From Ron Bacon, ronbacon@commspeed.net,
"I was just
out of college and working as a staff announcer at
WMAN in Mansfield, OH, in 1952, when Jerry Spinn was
hired for the afternoon shift. We became friends and
later shared a basement apartment in a house owned by
a former madam named 'Billy' from Pittsburgh. She was
immensely fat and had diamond rings on all of her
fingers, and she could talk for hours about her former
business and her clients. Jerry was tall and thin and
had a shrunken ear on one side of his head. He was a
very colorful and interesting guy. For some reason I
looked up his name on the Internet and ran across
your article. I wonder if this is the same guy you
are looking for...I would sure like to know more about
him."
Lee Bayley, Lee.radio@verizon.net:
"You're right. The
article about the convention was of interest. There
are a lot of stories. Your comments about Bill Drake
and someone wanting to punch him brought back
memories.

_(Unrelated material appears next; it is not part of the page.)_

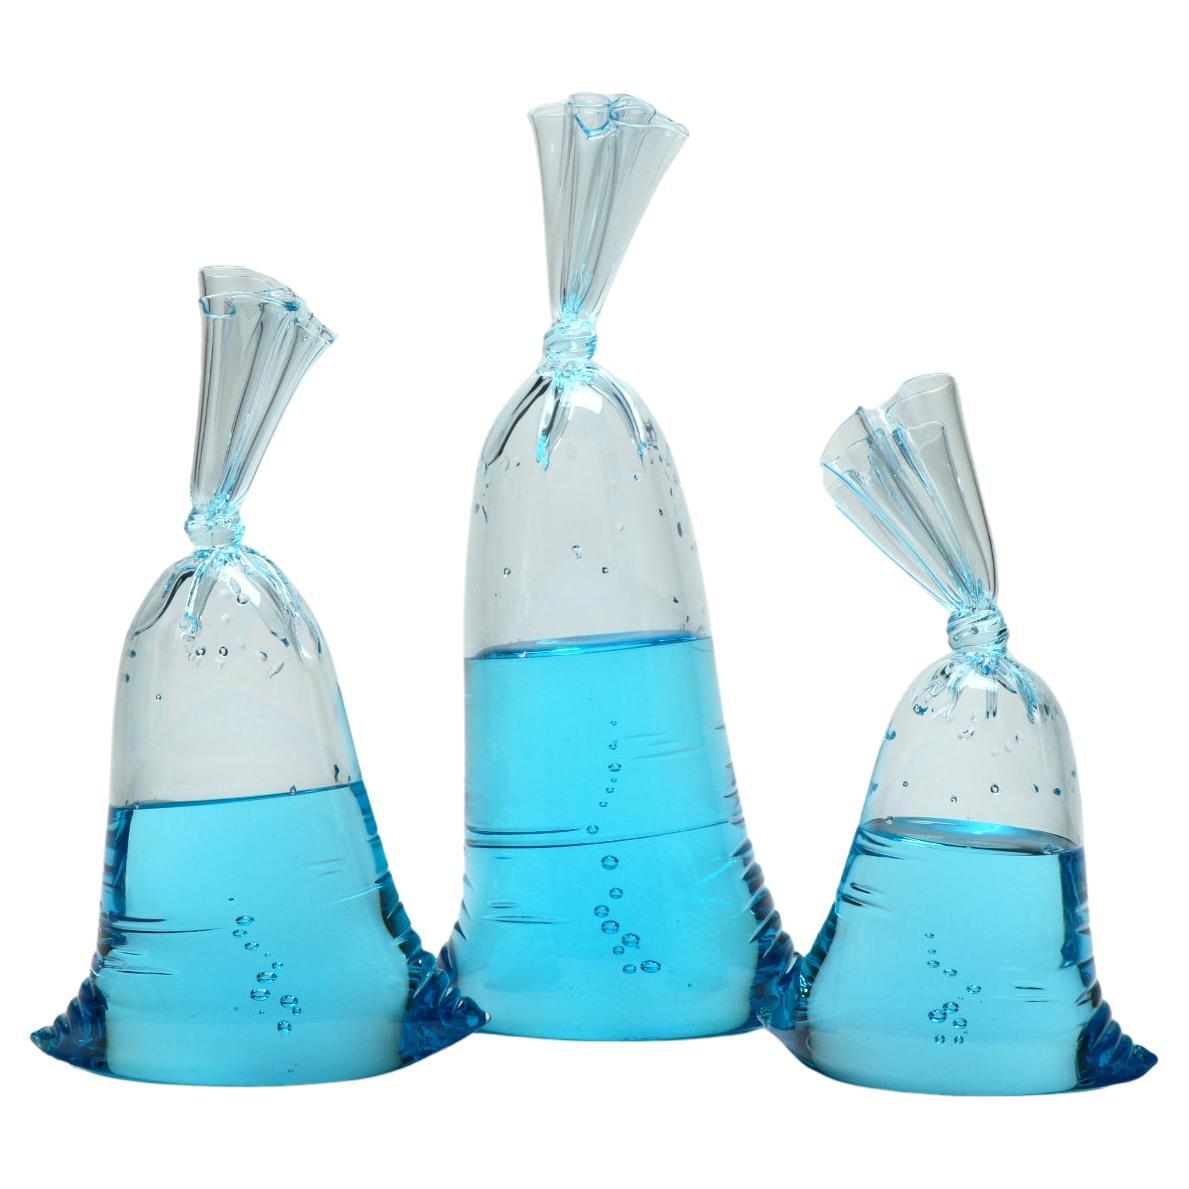 Hyperreal blue glass water bag trio sculpture installation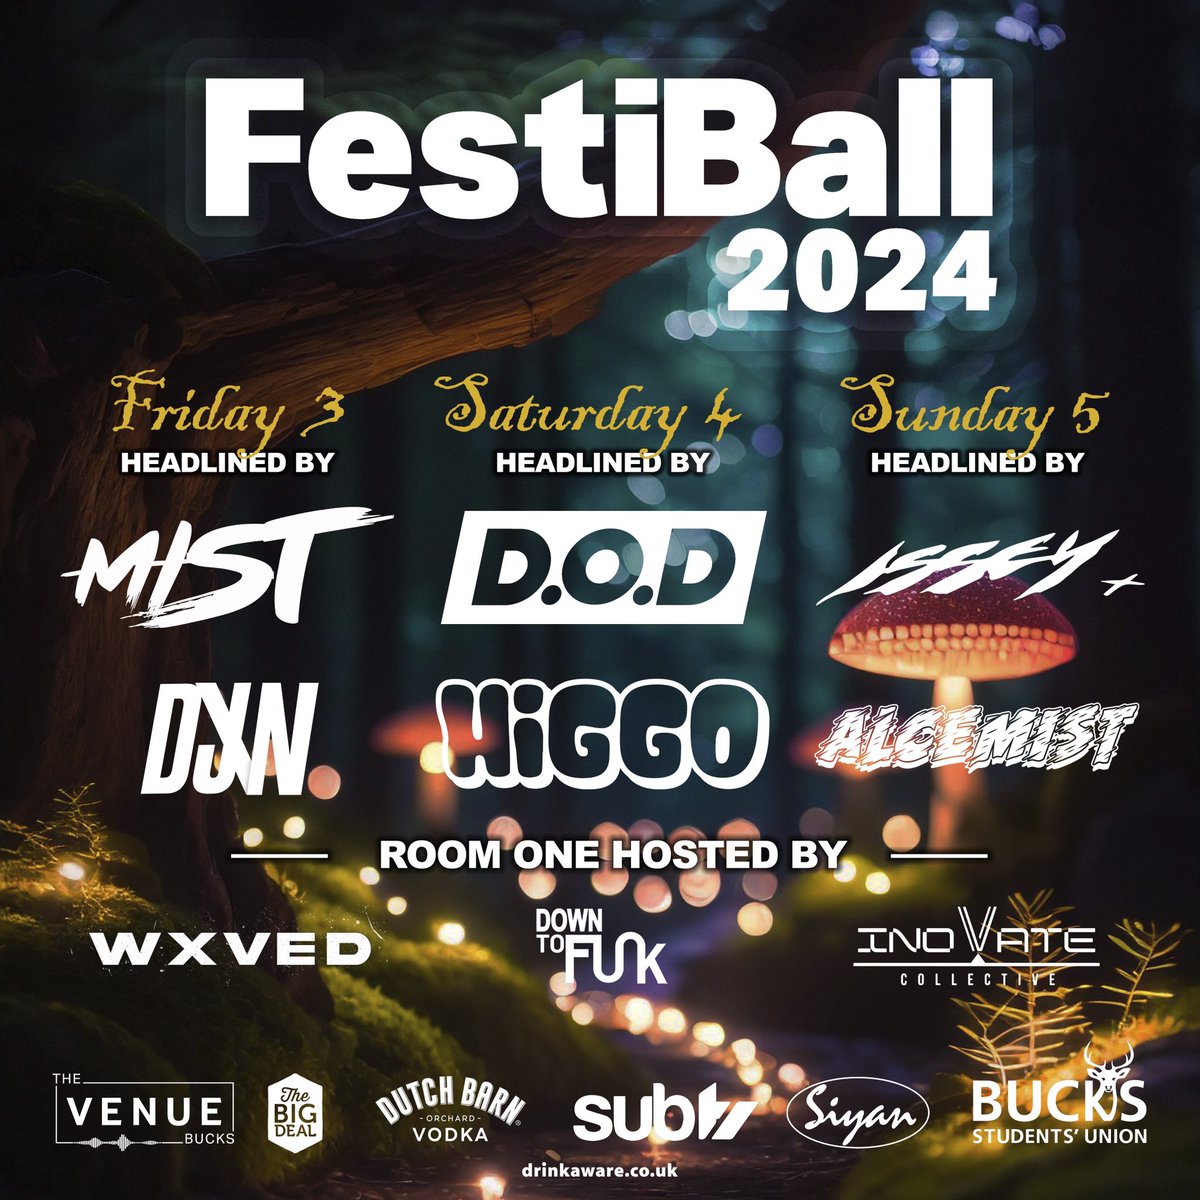 ITS HERE…OUR FESTIBALL 2024 FULL LINE UP 🤩🤩🤩 We are so excited to finally share this with you!! This is the perfect time to get your Alumni and Public tickets 🎟️ (the link is in our bio😉!!) Keep your eyes peeled for more exciting Festiball information coming soon! 👀

When attending conventions the Drake people
always hung together and on many occasions we would
run into some young hotshot who wanted to argue...we
never let them get to Bill."
Burt Sherwood, Burt Sherwood & Associates Inc.,
bohica1@comcast.net:
"Claude: the writing is
brilliant, as always...the novel is superb. You bring
back so darn many memories...I can just see the
Century Plaza Hotel...back from the street, curved and
tall. Bill Hennes and I walked into the lobby at that
convention...and it was a scene that you could never
forget. The egos parading through, endlessly!"
Joe Wade Formicola, jformicola@wralfm.com:
"Just got
elected into the Career College Hall of Fame in June.
Type in 'Career college association' and this will
take you to their website at cca.org or cca.com."